2.6. Data and Statistical Analyses

A total of 3 pigs (1 pig and 2 pigs in NC and CM18 treatments, respectively) were excluded from the feeding trial due to abnormal growth and ADFI data were corrected using Feed Intake Correction Software [23] where ADFI of the pen was adjusted considering energy for the maintenance and gain of the excluded pigs. All data for growth performance (BW, ADG, ADFI, and G:F), ATTD, BUN concentrations, and pork quality were analyzed by ANOVA using MIXED procedure of SAS version 9.4 (SAS Institute Inc., Cary, NC, USA). Orthogonal polynomial contrasts were used to evaluate linear and quadratic responses with increasing levels of CM in the diets. The pen was served as the experimental unit for the performance data while the individual pig was served as the experimental unit in the ATTD, BUN concentrations, and pork quality. A single degree of freedom contrast was performed for the comparison between the NC and PC treatments to verify the β-mannanase effect. The LSMEANS procedure of SAS was used to estimate and report mean values. The significance level was set at p < 0.05, and trends are reported when 0.05 ≤ p ≤ 0.10.

3. Results and Discussion

3.1. Growth Performance

The analyzed chemical composition of CM used in this experiment was in accordance with previous studies ([14,24], Table 1).
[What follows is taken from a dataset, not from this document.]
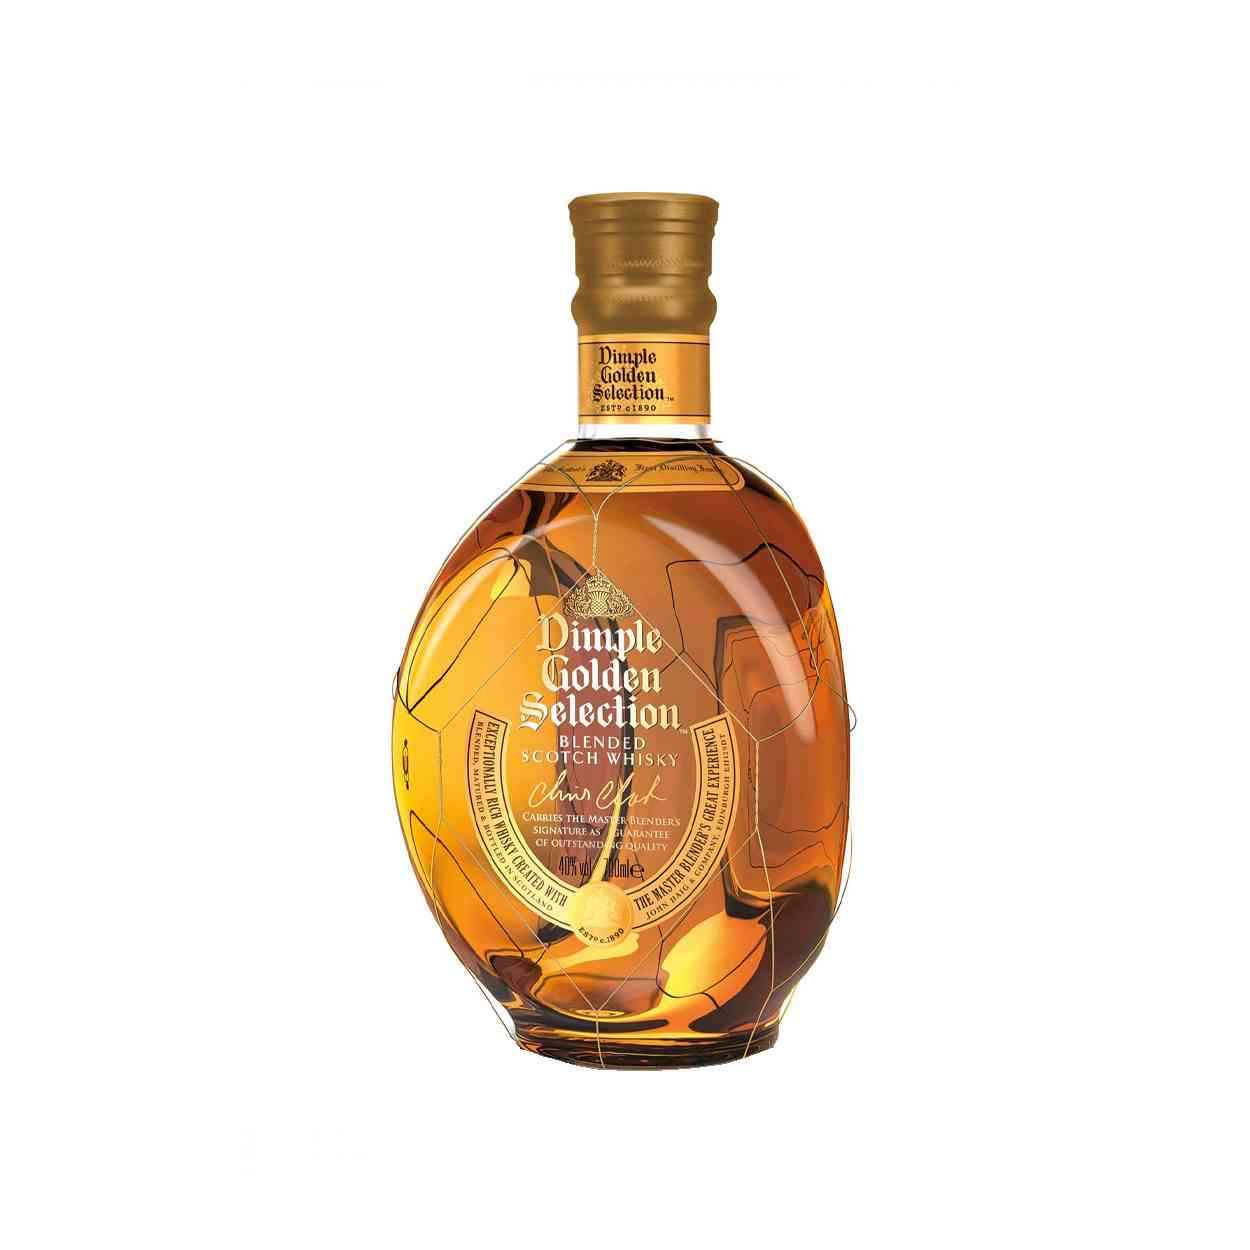 Dimple Gold Selection Whisky
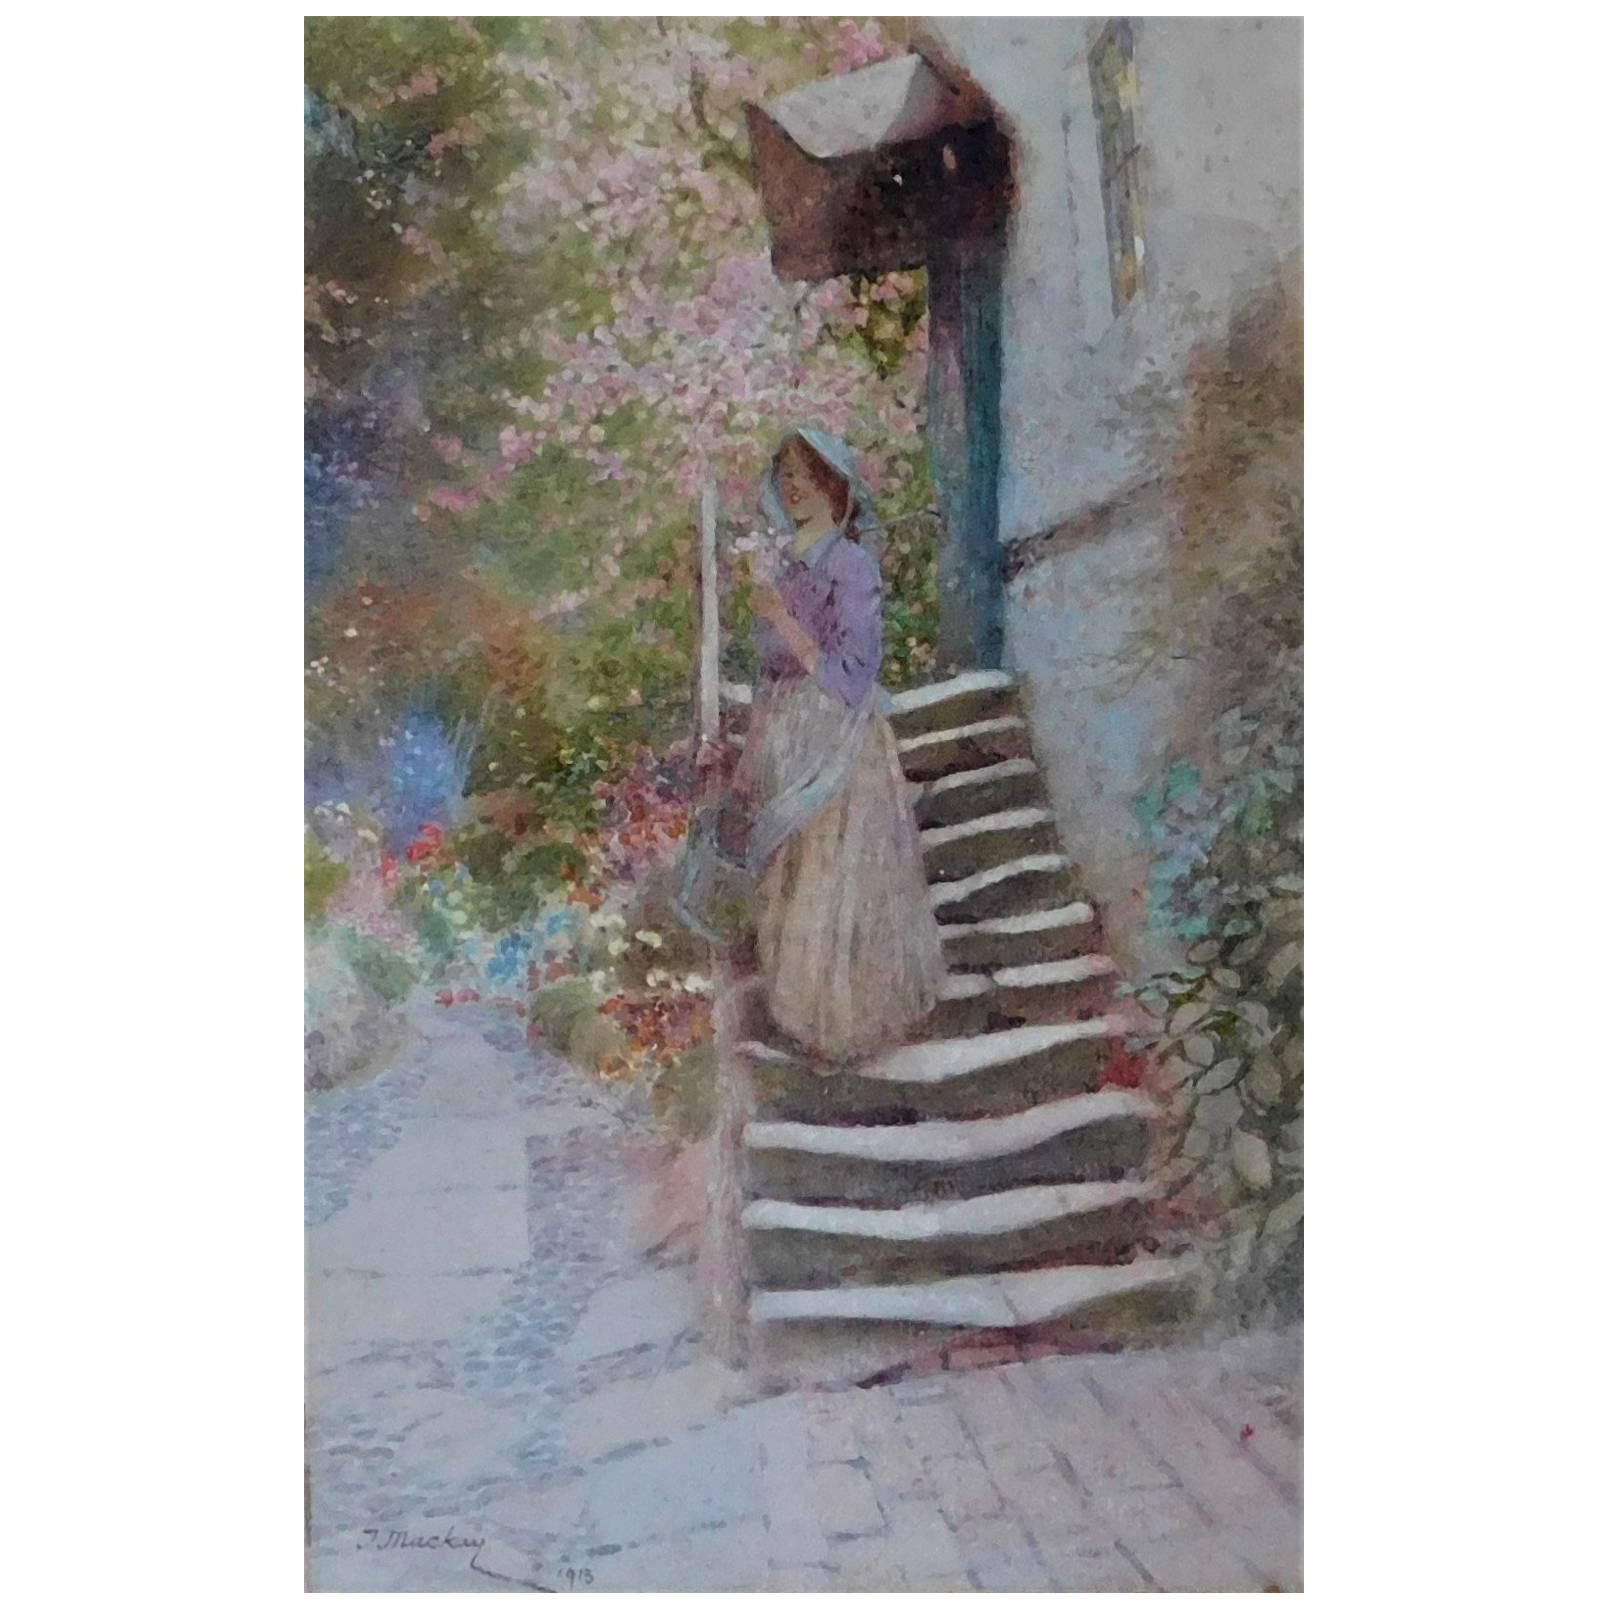 Thomas Mackay 1913 Watercolor Painting "Woman on Stairs" For Sale

The PC treatment tended to have a greater G:F than the NC treatment (p = 0.10) in the growing phase (0–6 weeks, Table 5). Similar numerical differences were observed on the G:F in the finishing phase. This result agrees with Jo et al. [25] who reported an improvement in growth performance of growing-finishing pigs fed corn-SBM-based diets supplemented with 400 IU β-mannanase/kg diet. Regarding the effect of inclusion level of CM, quadratic responses were observed in the BW at 6 weeks (p < 0.05), ADG in the growing phase (0–6 weeks; p < 0.05), and ADFI in the finishing phase (7–12 weeks; p = 0.06) as the inclusion level of CM increased with the greatest values between CM6 and CM12 treatments. However, linear and quadratic reductions were observed in the BW at 12 weeks (linear, p < 0.05 and quadratic, p = 0.06) and the overall ADG (0–12 weeks; linear and quadratic, p < 0.05) with increasing level of CM in the diets. The G:F in the finishing and overall phases decreased linearly with increasing level of CM in the diets (p < 0.05). These results indicated that over 12% CM inclusion could result in growth depression even though 800 IU of β-mannanase per kg diet was supplemented to the diets. This result is in a good agreement with previous studies reporting that high level of CM inclusion in the diets could reduce growth performance of pigs [2,26]. O’Doherty and McKeon [26] suggested that high fiber content in the CM could decrease the passage rate of digesta in the gastrointestinal tract, leading to decreased nutrient digestibility, in turn resulting in reduced growth rate. In contrast, Kim et al. [13] reported that up to 25% CM inclusion to growing-finishing pig diets supplemented with 800 IU of β-mannanase per kg diet had no detrimental effect on growth performance, which may indicate that 800 IU of β-mannanase per kg diet could be sufficient to degrade the β-mannans present in the diet containing CM up to 20%. Based on the results of Kim et al. [13], 800 IU of β-mannanase per kg diet was added to all experimental diets in the current study. However, the current study had the lowest growth performance in the CM18 treatments. This discrepancy may be attributed to the differences in the ingredient composition of the diets between the current study and Kim et al. [13].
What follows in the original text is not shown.